Are there media (books/television/music) that inspire or motivate you? Honestly, I'm most inspired by other games. Good Society and Ten Candles have both been very influential for me. Remember to always prioritize time to play!
Do you have a favorite DDAL adventure that you've DMed or played? I love mysteries and puzzles!! Two of my favorite DDAL adventures that made me fall in love with that D&D style of play are: CCC-BMG-01 CORE 1-1 A Scream in the Night and DDA04-10 The Artifact.
What is your heritage? Taiwanese
How can people support you? All my work can be found on ethanyen.com
Where on social media can people find you? Twitter: @ethnyen
Do you have a favorite DDAL adventure that you've DMed or played? DDAL-OPEN-2018 Gangs of Waterdeep
What is your heritage? Malaysian Chinese
How can people support you? DMs Guild! Bert’s Collection
Where on social media can people find you? I don’t have a writer-based social media page. But I do reply to questions through email firstname.lastname@example.org or comments on DMs Guild.
Do you have a favorite DDAL adventure that you've DMed or played? DDAL03-16 Assault on Maerimydra (Tier 3) is definitely one of my favorites. I love Season 3 and it was a great finale to the season. A mini-epic for those who never had the opportunity to play conventions Epics back in the “old days”.
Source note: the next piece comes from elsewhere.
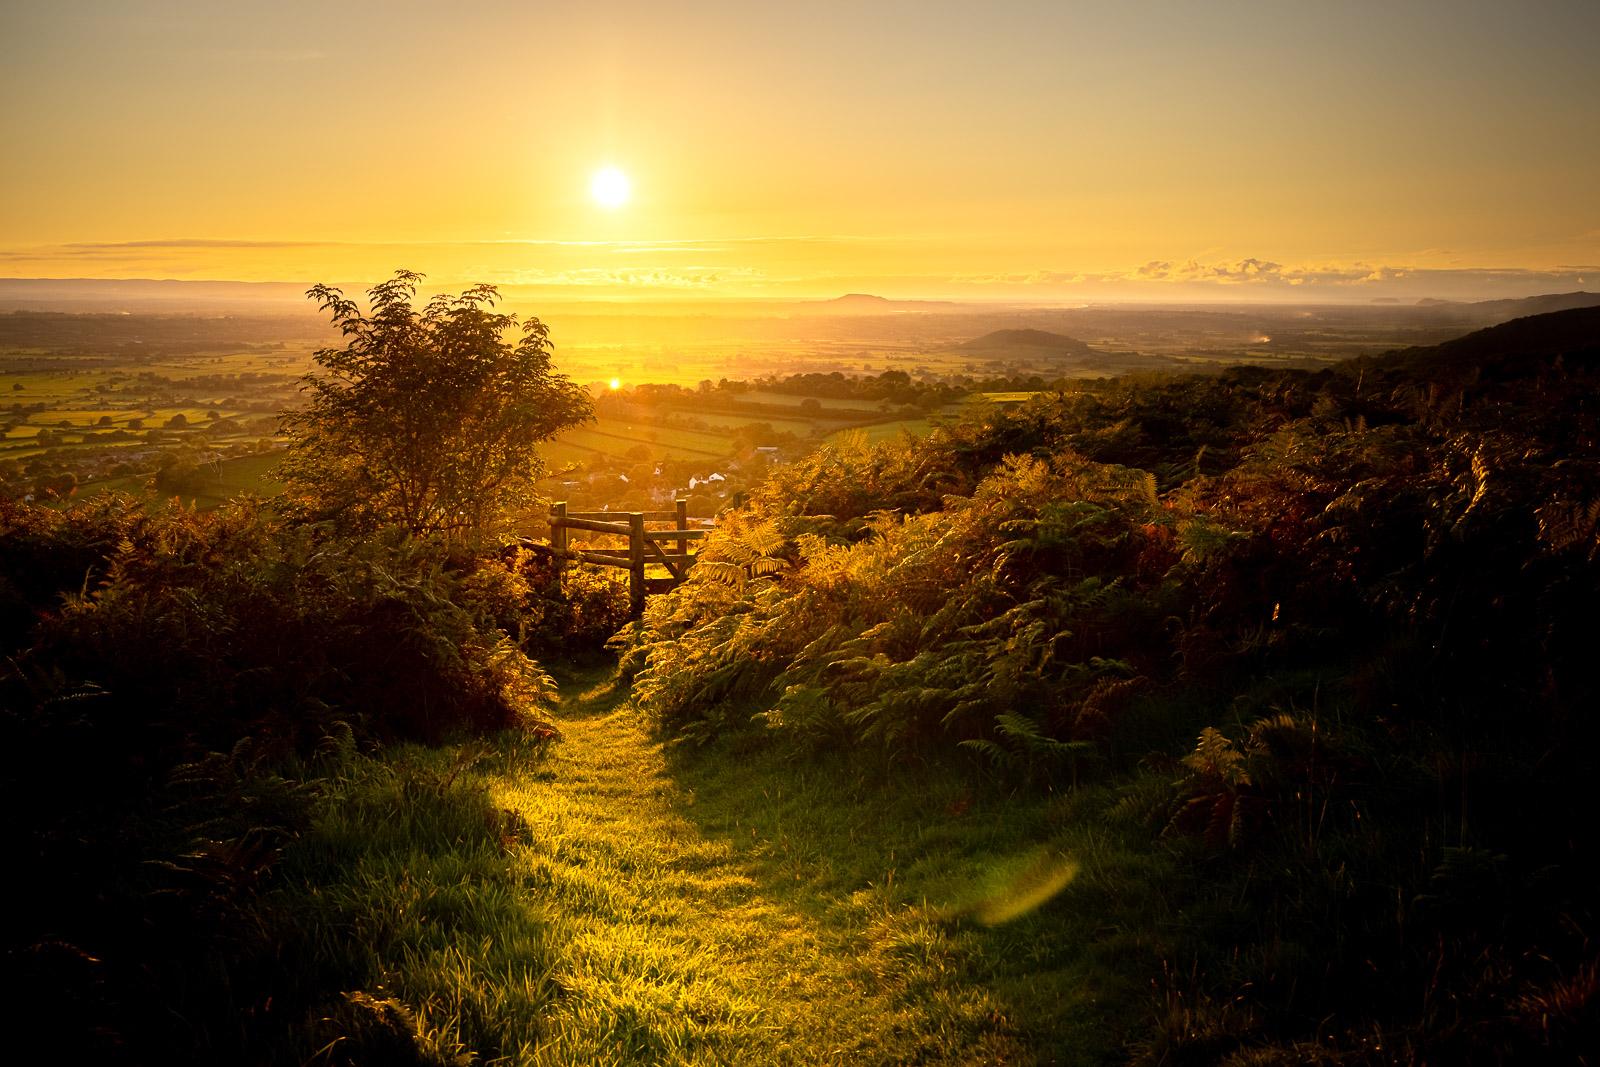 Autumn Equinox - Lynchcombe, Mendip Hills, Somerset, UK. ID BR57352

What is your heritage? I am Filipino-American! Though I was born in Sydney, Australia, I became a naturalized citizen during my college years. The citizenship interview was the scariest test of my life, but I only missed one question.
Where on social media can people find you? Twitter: @adri_dcdm
What’s some little-known information about yourself? Before I knew what a 20-sided die was, I was a musician. Whether I was singing karaoke with friends and family, strumming ukulele on the quad, or playing with the Washington Metropolitan Gamer Symphony Orchestra, I enjoyed combining music with other parts of myself. In a handful of my modules it shines through: a menagerie of animals bursting into song, ghosts of the past dancing to a macabre waltz. I know this love of music started from listening to my mother and father singing Tagalog hymns and songs from their youth.
Aside from my parents and my extended family in Chicago, I grew up pretty isolated from my Filipino heritage. There were only a handful of other Filipino students in high school, and we never had an opportunity to approach the subject. It wasn't until college that I started learning Tagalog on my own, learned to cook lumpia and chicken adobo, or learned dances like the tinikling with our school's Filipino Cultural Association. But the more I delved into it, the more I saw myself in the community, one that struggles to straddle the line between two worlds, and one that strives to make a name for itself in all aspects, from food and music to the halls of Capitol Hill. Today, I feel a lot of pride belonging to a great Filipino-American community here in the Washington DC area. That, and getting lechon for dinner before DMing at the store is fantastic.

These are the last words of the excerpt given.